The role of bilateral inferior petrosal sinus sampling in the diagnosis of Cushing's syndrome

Adrenocorticotropin hormone (ACTH)-dependent Cushing's syndrome is most often due to a pituitary corticotroph adenoma, with ectopic ACTH-secreting tumors representing approximately 15 percent of cases. Biochemical and radiological techniques have been established to help distinguish between these two entities, and thus aid in the localization of the neoplastic lesion for surgical resection. The test that offers the highest sensitivity and specificity is bilateral inferior petrosal sinus sampling (BIPSS). BIPSS is an interventional radiology procedure in which ACTH levels obtained from venous drainage very near the pituitary gland are compared to peripheral blood levels before and after corticotropin hormone (CRH) stimulation. A gradient between these two locations indicates pituitary Cushing's, whereas the absence of a gradient suggests ectopic Cushing's. Accurate BIPSS results require hypercortisolemia to suppress normal corticotroph ACTH production and hypercortisolemia at the time of the BIPSS to assure excessive ACTH secretion. In some cases, intrapituitary gradients from side-to-side can be helpful to localize small corticotroph adenomas within the sella. BIPSS has rare complications and is considered safe when performed at centers with experience in this specialized technique.
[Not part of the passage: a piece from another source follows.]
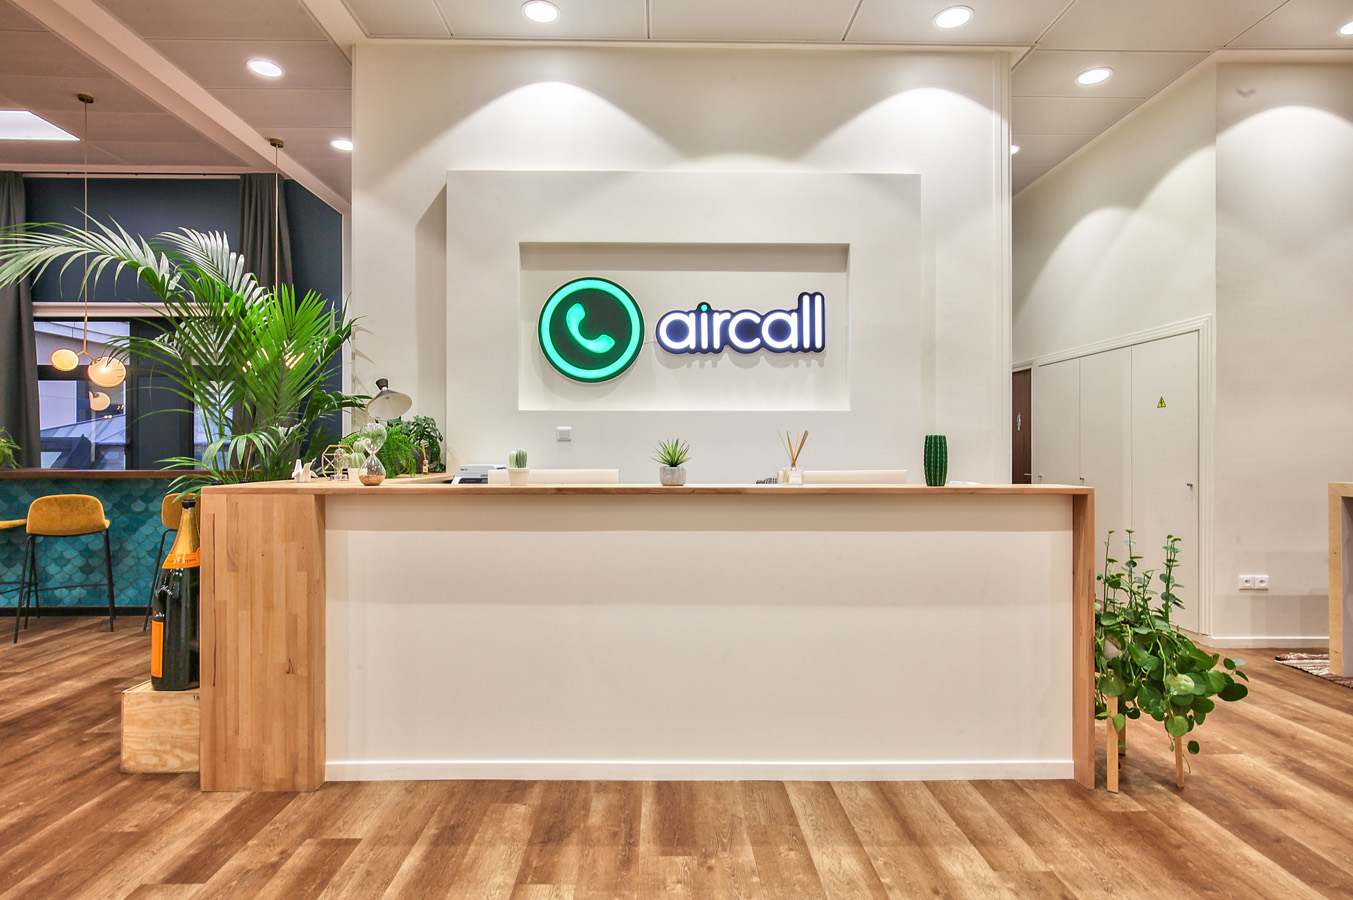 nicolas vade - architecture interieur - bureaux design - Aircall - accueil.jpg

A síndrome de Cushing (SC) ACTH-dependente é mais freqüentemente devida a um adenoma corticotrófico da hipófise, com os tumores ectópicos secretores de ACTH representando aproximadamente 15 por cento dos casos. Técnicas bioquímicas e radiológicas foram estabelecidas para permitir a distinção entre essas duas entidades e, assim, auxiliar na localização da lesão neoplásica para ressecção cirúrgica. O teste que oferece a mais alta sensibilidade e especificidade é a coleta bilateral de amostras de sangue do seio petroso inferior (BIPSS). BIPSS é um procedimento de intervenção radiológica no qual os níveis de ACTH obtidos da drenagem venosa bem próxima da hipófise são comparados com os níveis sanguíneos periféricos antes e após estímulo com corticorrelina (CRH). Um gradiente entre essas duas localizações indica SC hipofisário, enquanto a ausência de gradiente sugere SC ectópica. Resultados acurados na BIPSS requerem a presença de hipercortisolemia e que ela suprima normalmente a produção de ACTH pelo corticotrofos por ocasião da BIPSS para garantir a secreção excessiva de ACTH. Em alguns casos, os gradientes intra-hipofisários de um lado para outro podem ser úteis na localização de pequenos adenomas corticotróficos no interior da sela. A BIPSS raramente apresenta complicações, sendo considerada segura quando realizada em centros com experiência nessa técnica especializada.